С близкого расстояния стало заметно, что преследователи детишек это те самые шестерки, что не отличались умом и сообразительностью, зато отличались кровожадностью и аппетитами, как у пары десятков вышедших на след жертвы голодных шакалов.
Выстрелы заставили их приостановить бег и обратить свои взгляды на ковыляющего в их сторону байкера.
Тайлеру даже послышалось удивленное «Живой?!» слегка заглушаемое его собственным надсадным дыханием.
Что–либо еще сказать не успели – с глухим криком осел тот, что льнул к близняшке за столом и был отвергнут. Судя, по проводившим его безразличным взглядам, она была последней, кто его отшил – больше бедняга уже ни к кому не пристанет.
Один из компании, самый, по видимости, верткий по причине своего телосложения, успел скрыться за деревьями и исчез во тьме леса, двое двинулись, перебежками и скрываясь, в сторону Тайлера.
Дети из поля зрения тоже исчезли, даже голоса Элли больше не раздавалось, как, впрочем, и предсмертных криков, что тоже радовало.
Собрав все мощь в кулак, Тайлер воззвал к ушлой девчонке. Попытка была всего одна, поскольку легкие кричали и поносили мужчину на чем свет стоит. Однако Элли услышала, иначе объяснить ее появление, а за ней и мальца, было бы невозможно. Как раз в то же мгновение в сторону Тайлера сразу с двух стволов отправились резвые подружки–пули, одна стервознее другой.

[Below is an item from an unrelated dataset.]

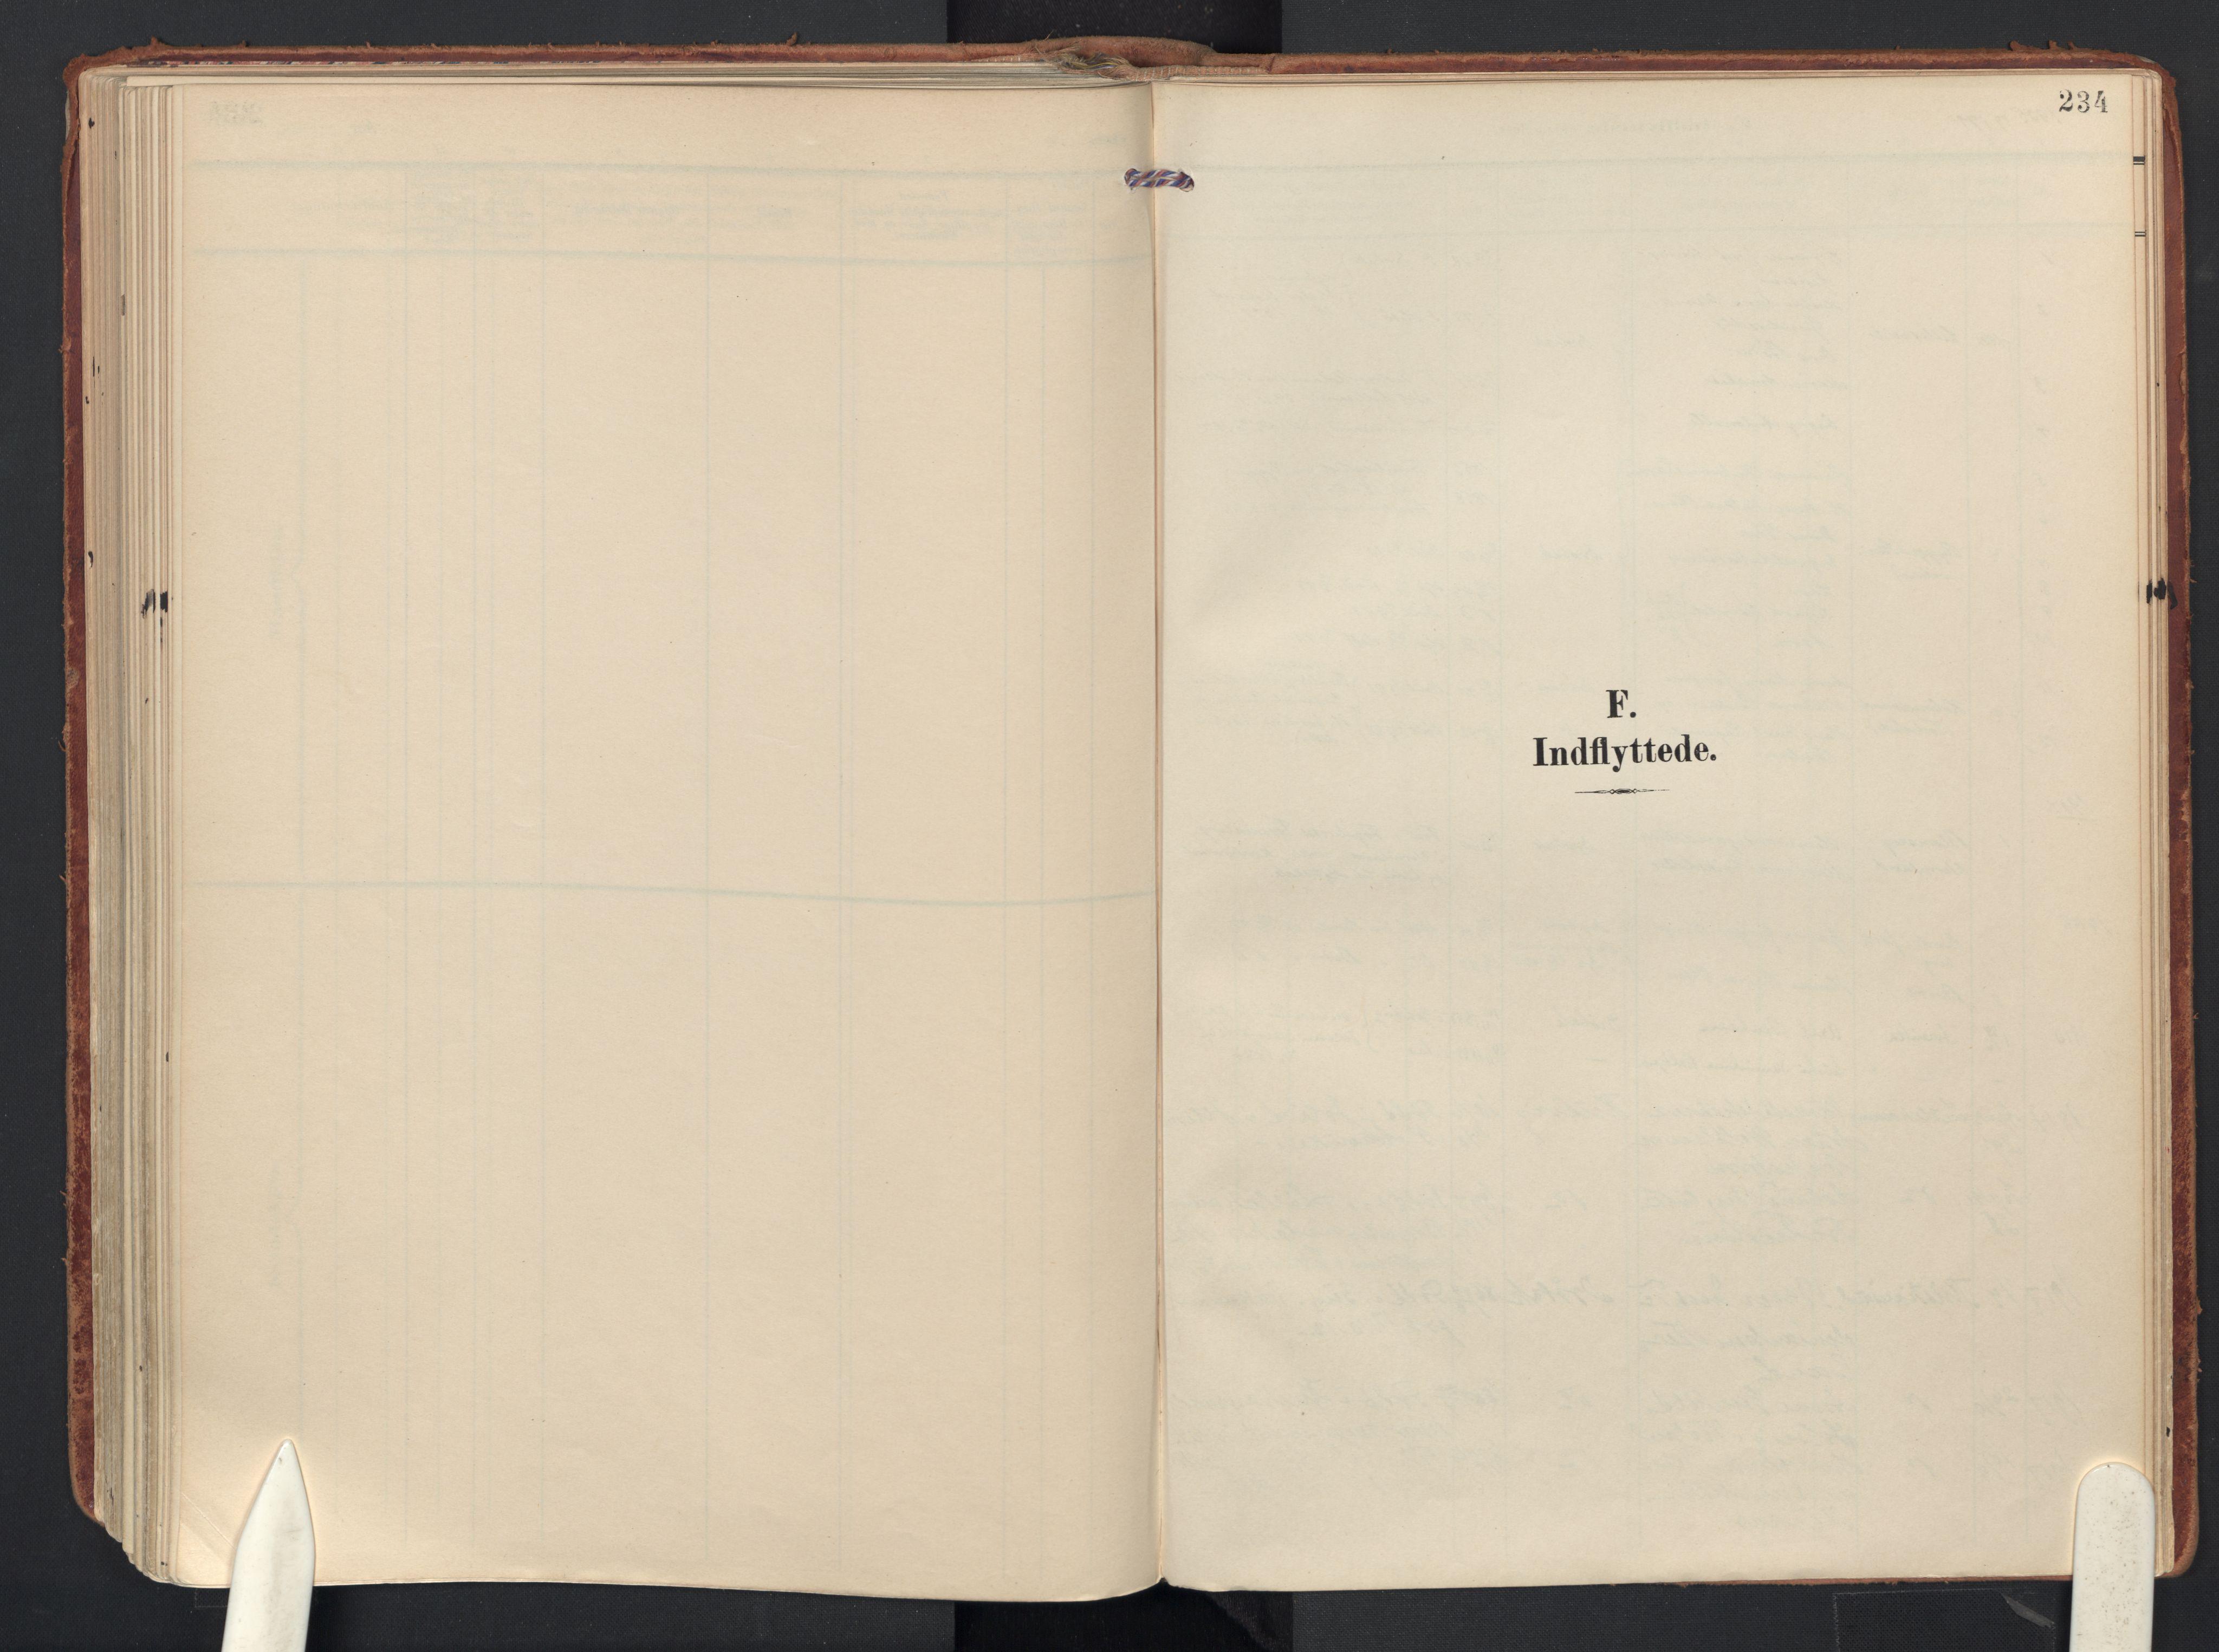 SAO, Drøbak prestekontor Kirkebøker, F/Fb/L0003: Ministerialbok nr. II 3, 1897-1918, s. 234

А стоило бы всего минутой ранее показаться детишкам из–за кустов, тогда доблестный защитик их не отвлекся бы и не пропустил миг, когда еще можно было увернуться. Выстрел прозвучал одновременно с обидным щелчком осечки, но и удавшийся, он не особенно достиг цели. Когда Тайлер наконец опомнился, он заметил, что ствол в руке только у одного, другой же беспомощно трясет окровавленной конечностью и орет не своим голосом.
Тем временем из–за леса из–за гор вывернул тот самый, что отправился в погоню за детьми. Всего каких–то тридцать метров отделяли его от лакомого предрассветного завтрака.
– Бросай оружие, иначе я их пристрелю, – крикнул он неожиданно басовито и направил ствол Элли в спину.
Однако Тайлеру было не до шантажа – в любой момент его могли оставить силы, да и жизнь вместе с ними. Уже третья выпущенная пуля отбросила противника в сторону, врезавшись в кость аккурат над ключицей. Тот взвыл, но пост не бросил. Пуля же, подаренная единственному оставшемуся на ногах подельнику, была встречена скрежетом зубов, хотя и прошла по касательной, всего лишь задев, пусть и довольно чувствительно, икру.
Элли вдруг бросилась бежать назад, оставив мальчика. Ствол, поднятый ей навстречу, исторг приветствие, от которого несложно было увернуться. Подбежав, с каким–то болезненно–раненым криком она ударила согнувшегося вертлявого прямо в рану, отчего тот взвыл и упал, покатился от боли. Четвертая по счету пуля, выпущенная ею из его же пистолета, заткнула его окончательно. Элли повернулась, тяжело дыша, как будто долго бежала и сейчас могла потерять сознание. Кое–как нашла в себе силы помахать байкеру отнятым пистолетом, криво усмехнуться и тронуться ему навстречу, целясь в оставшегося. Расстояние не позволяло сделать выстрел, но Тайлер вполне успешно с этим справился, подарив вражеской образине царапину поглубже и не сразу понял, каким образом пуля, вошедшая в бедро вдруг взорвала тому голову, мерзко хлюпнувшую в унисон с раздавшимися сбоку выстрелами.
Элли, пустыми глазами взирая на поверженного, облизывая пересохшие бледные губы, вдруг стала ярко–розовой – это солнце, знаменуя начало нового дня, вставало над истерзанным лесом.
Тела поверженных врагов вдруг принялись дымиться и рассыпаться серой пылью, как и не выдержавший напора огня дом, ухнувший вниз, застонавший в предсмертой агонии, унося с собой ужас прошедшей ночи. Тот, что ранил сам себя, неистово кричал, разлагаясь на глазах.
Однако жизнь как ни в чем не бывало уже вступала в свои права, не спрашивая об оставленных ею во вчерашнем дне.